“I do love you, Aunt Miriam!” said Charles, putting an arm round her, and giving her the hug of the privileged. “A turn in yourself, that's what you are! Don't worry! Abby and I are your alibis—same like you're ours!”
“Don't be silly!” she said, pushing him away. “You know what I mean!” She cast another glance at the corpse, and said with some asperity: “I shall be glad when someone comes to relieve us! If there were anything one could do! But there isn't. In fact, I imagine that the less we do the better it will be. Standing about to keep watch over a dead man! It's all very well for you to laugh, but I wasn't brought up to this sort of thing.”
However, when Charles suggested that she might as well return to her home, she gave a scornful snort, and resumed her scrutiny of the flower-beds. Fortunately, they had not long to wait before relief came in the substantial form of Police Constable Hobkirk, a stout and middle-aged man who inhabited a cottage in the High Street, and devoted as much of his time as could be spared from his not very arduous police-duties to the cultivation of tomatoes, vegetable-marrows and flowers which almost invariably won the first prizes at all the local shows.

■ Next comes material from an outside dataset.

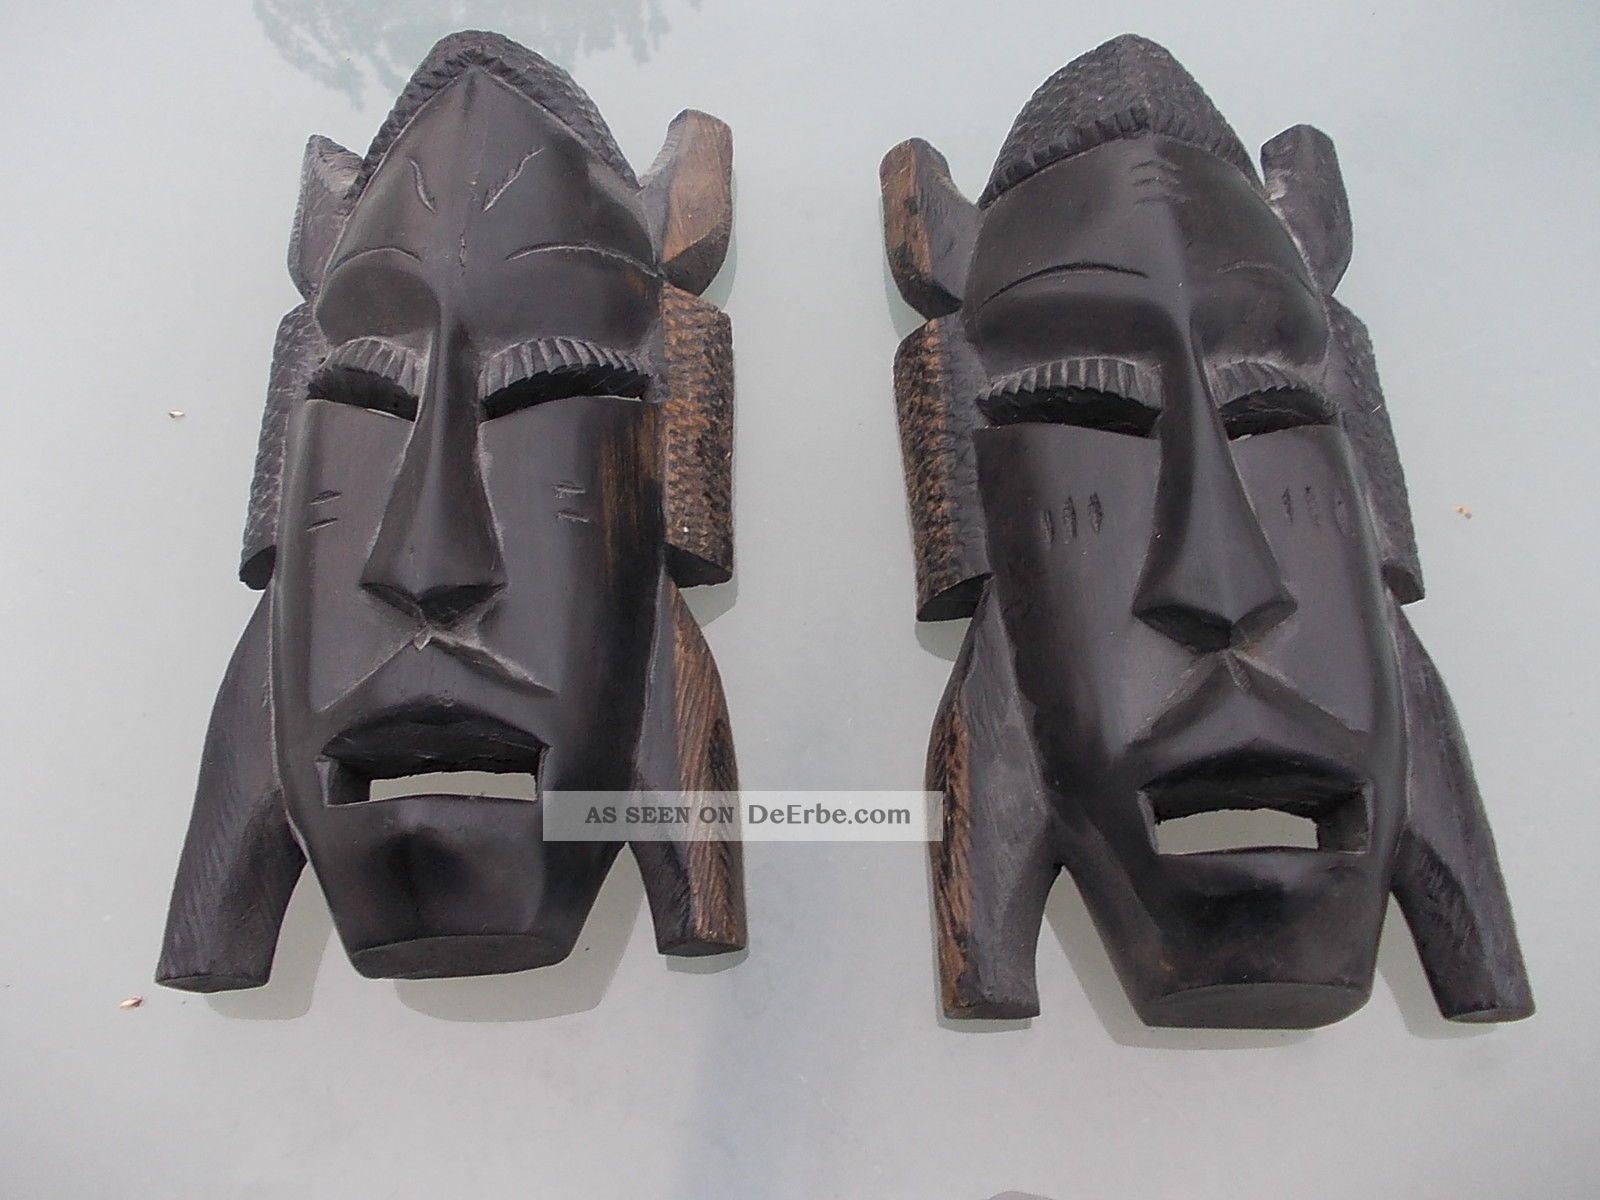 2 afrikanische masken. Black Bedroom Furniture Sets. Home Design Ideas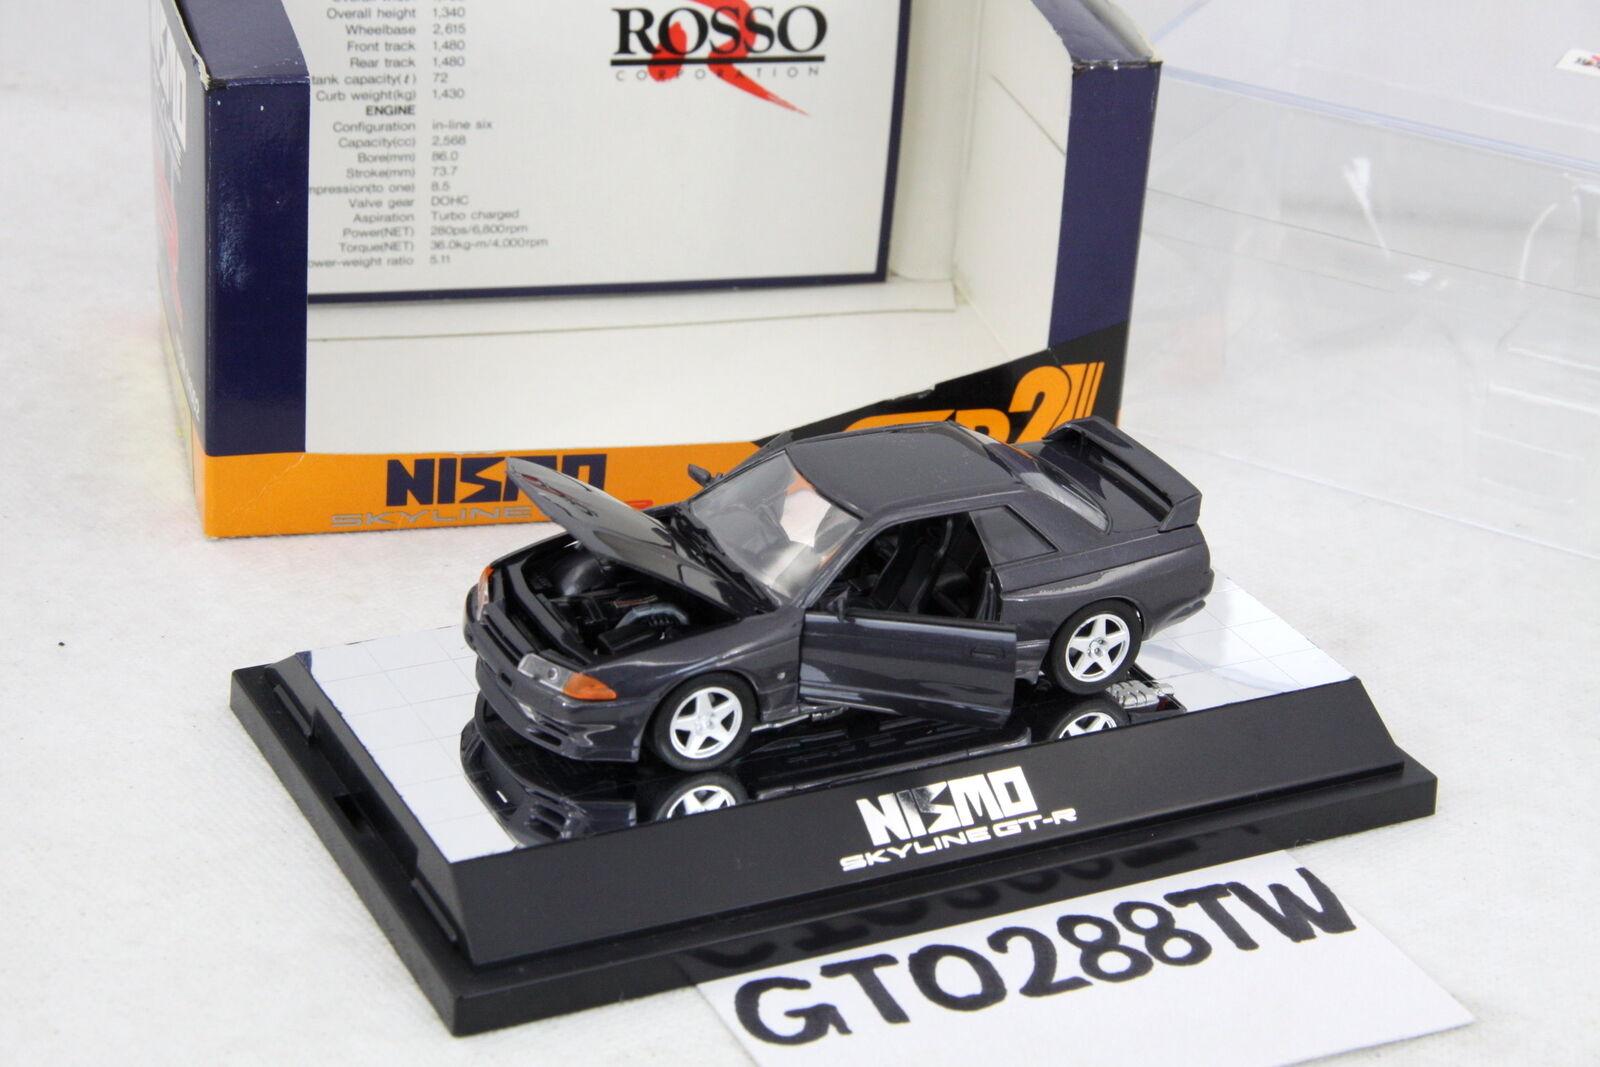 rojo 1 43 escala Nismo Nissan Skyline Skyline Skyline R32 GT-R 1990 Gun Metal (con Motor apertura) de56fa

He came up the lane on his bicycle, very hot, for he had been pedalling as vigorously as was suitable for a man of his girth, and a little out of breath. Alighting ponderously from his machine, he propped it against the hedge, and, before entering the garden, removed his cap, and mopped his face and neck with a large handkerchief.
“Good lord! I forgot all about Hobkirk!” exclaimed Charles, conscience-stricken. “I expect I ought to have notified him, not Bellingham. He looks a bit disgruntled, doesn't he? Hallo, Hobkirk! I'm glad you've turned up. Bad business, this.”
“Evening, sir.”
“Evening, miss,” said Hobkirk, a note of formality in his voice. “Now, just how did this happen?”
“Good lord, I don't know!” replied Charles. “Miss Patterdale doesn't either. We weren't here. Miss Warrenby found the body, just as you see it, and came to Fox Cottage for help.”
“Oh!” said Hobkirk noncommittally. He produced a small notebook from his pocket, and the stub of a pencil. “At what time would that have been?” he asked.
Charles looked at Miss Patterdale. “Do you know? I'm hanged if I do!”